Eau : un mur d’investissement se dresse devant les collectivités

Selon le nouvel Observatoire des investissements publics dans le secteur de l’eau publié par la Banque des Territoires, la commande publique reste stable autour de 5,3 milliards d’euros par an. Mais le besoin supplémentaire est estimé à 4,6 milliards d’euros annuels pour entretenir, adapter et préserver les réseaux face au changement climatique. Une équation financière de plus en plus difficile à résoudre pour les collectivités locales.
Depuis 2019, les investissements dans le domaine de l’eau stagnent. L’étude, fondée sur l’analyse de l’ensemble des marchés publics liés à l’eau potable et à l’assainissement, constate un niveau d’investissement stable à 5,3 milliards d’euros par an (7 milliards en incluant les délégations de service public). Une situation préoccupante alors que les besoins augmentent rapidement, en raison du vieillissement des réseaux et de la multiplication des épisodes de sécheresse.
La Banque des Territoires évalue à 4,6 milliards d’euros supplémentaires par an les montants nécessaires pour atteindre un niveau d’entretien et de modernisation compatible avec les enjeux climatiques.
« Le patrimoine bâti et naturel du secteur nécessite plus que jamais une gestion active », alerte Kosta Kastrinidis, directeur des prêts à la Banque des Territoires.
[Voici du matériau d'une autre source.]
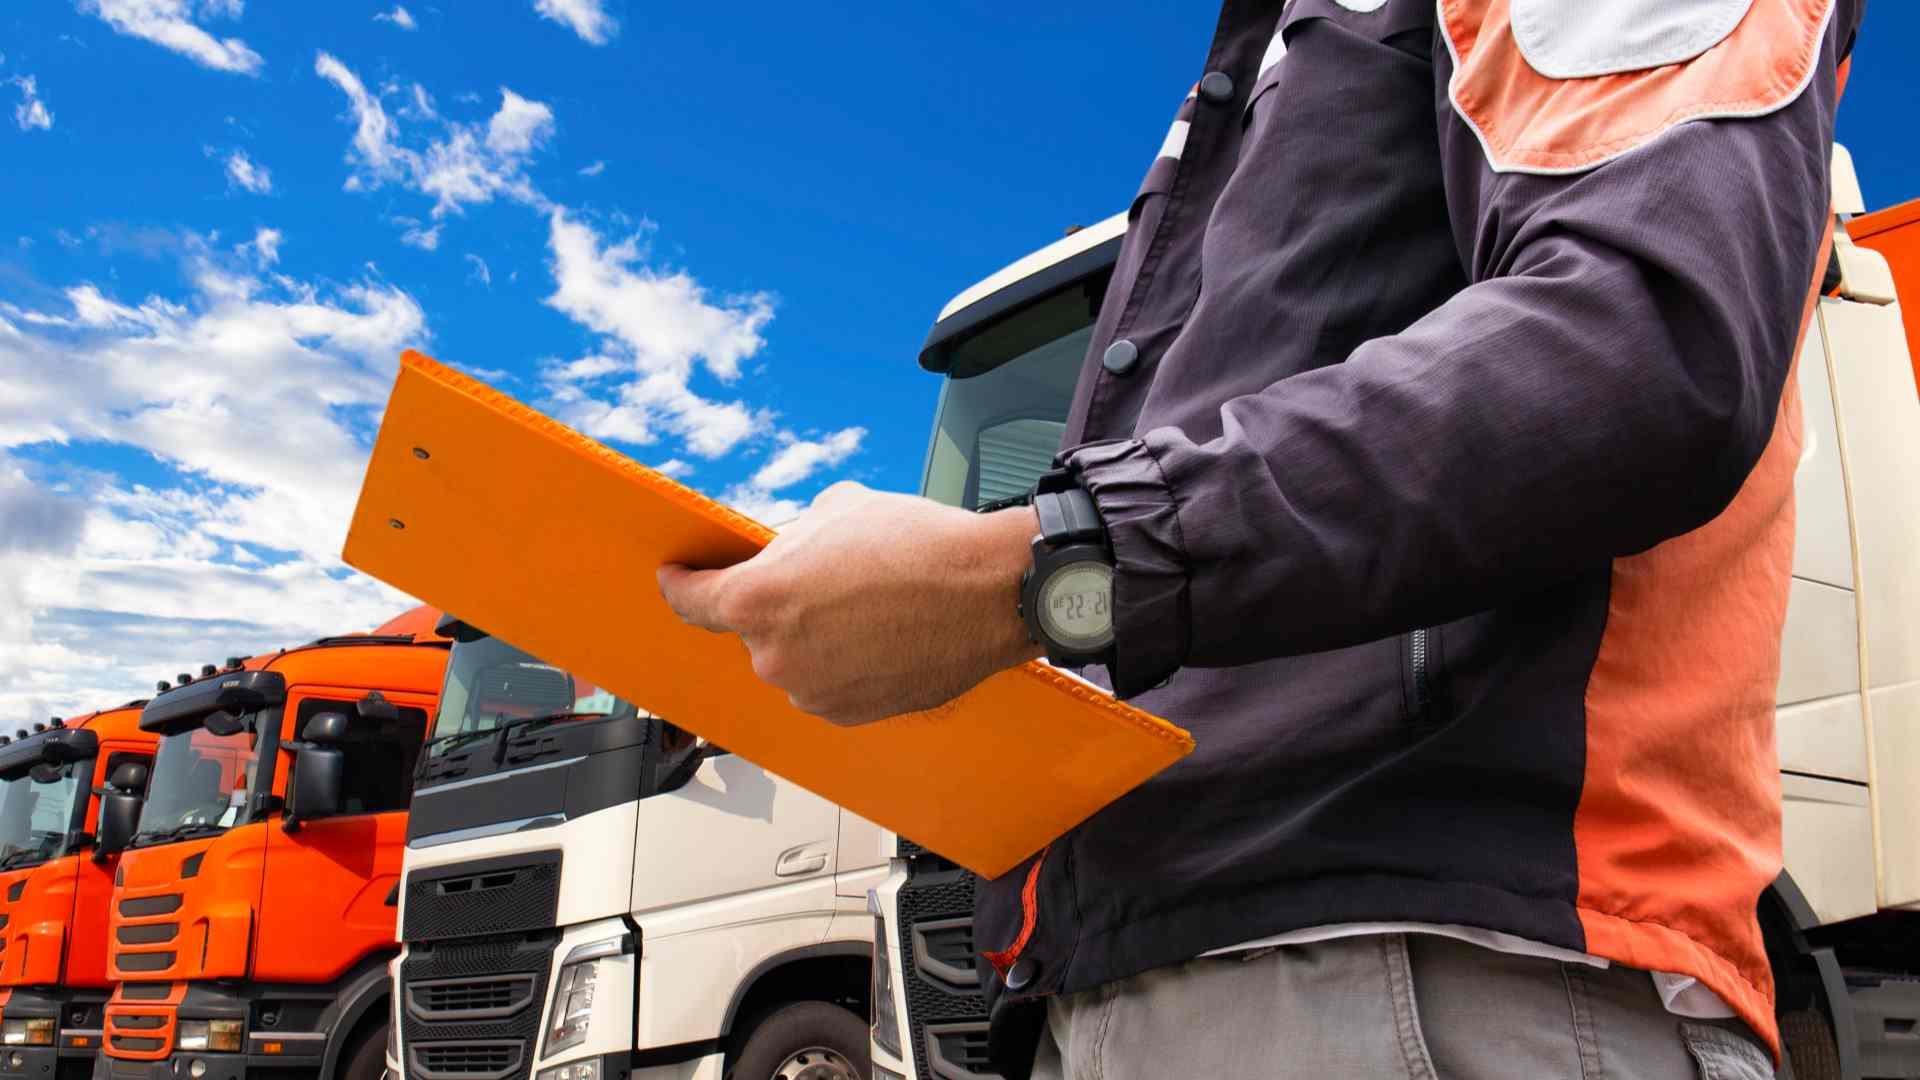 Ofereça aos clientes do posto a gestão de abastecimento da frota de veículos

La répartition des compétences entre communes, intercommunalités et syndicats mixtes, issue des transferts opérés en 2020, demeure figée. La suspension de l’obligation de transfert prévue pour 2025 risque d’entretenir cette fragmentation. Résultat : un secteur « très atomisé », avec 85 % des lots inférieurs à 500 000 euros, freinant la massification des projets.
Entre espoir d’accélération et lente maturation des projets
L’étude note toutefois une hausse des marchés publics de prestations intellectuelles : ingénierie, études, assistance à maîtrise d’ouvrage. Ce signal traduit une « montée en connaissance » des collectivités, souvent préalable à de futurs travaux. Près de la moitié des collectivités ayant lancé une étude passent à l’action l’année suivante, confirmant un effet d’entraînement positif.
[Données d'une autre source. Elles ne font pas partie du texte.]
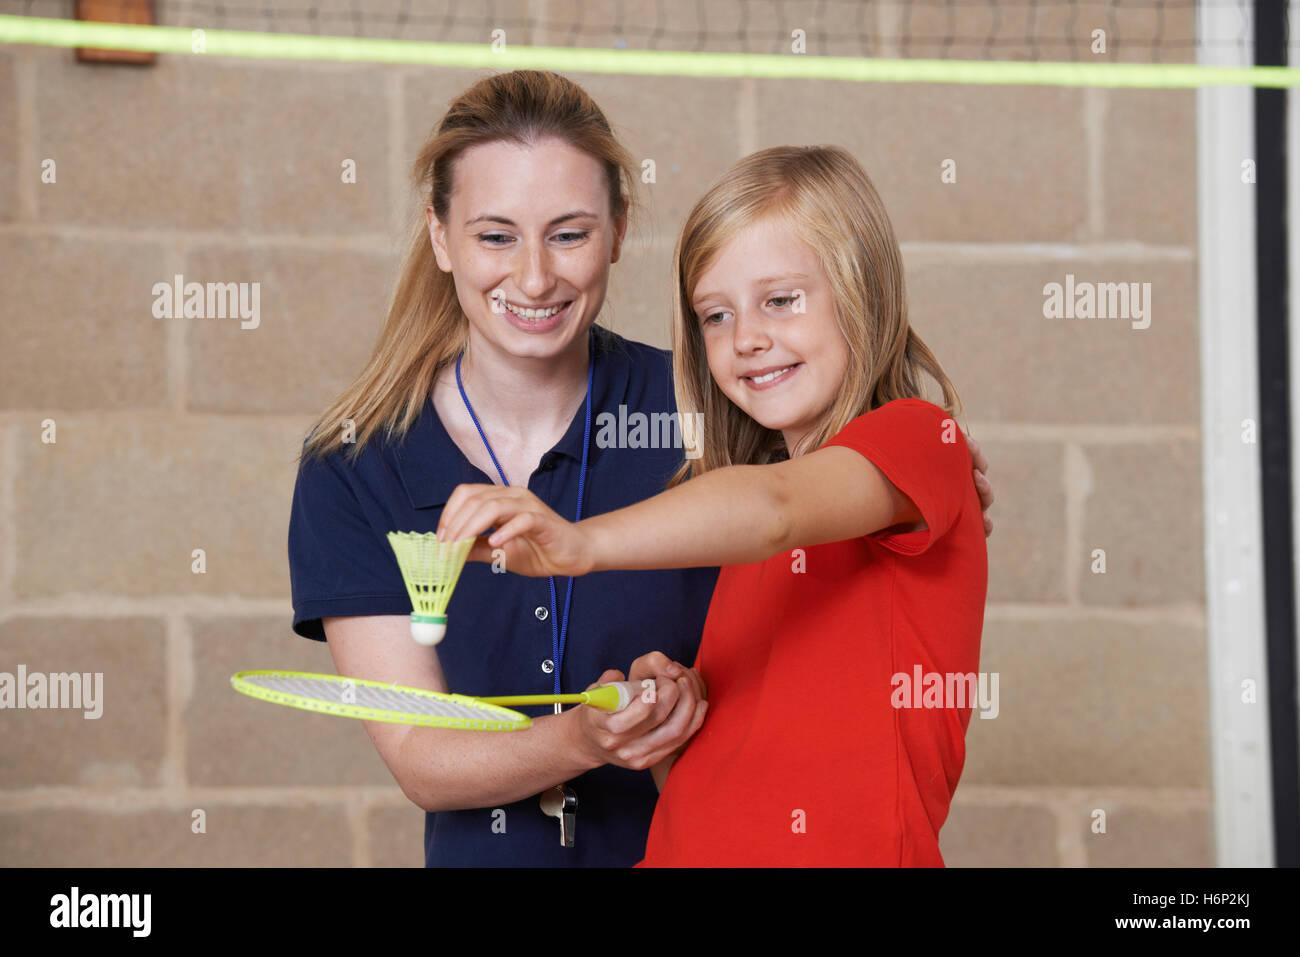 Professeur donnerait élève Leçon de badminton féminin Photo Stock

Reste que sur le terrain, les disparités restent fortes. Le “petit cycle de l’eau” (eau potable, assainissement) concentre 80 % des investissements, tandis que le “grand cycle” (GEMAPI, eaux pluviales) se limite à 20 %, souvent dans les territoires littoraux et fluviaux les plus exposés aux aléas climatiques.
Les projets liés à la réutilisation des eaux usées traitées (REUT) demeurent embryonnaires, limités à des études préalables. La Banque des Territoires appelle donc à un sursaut collectif.
Avec son programme Aquagir, elle propose aux collectivités un accompagnement global – de la sensibilisation au financement – pour préserver la ressource « en quantité comme en qualité ».
« N’attendons pas qu’il soit trop tard pour nous jeter à l’eau », conclut Kosta Kastrinidis.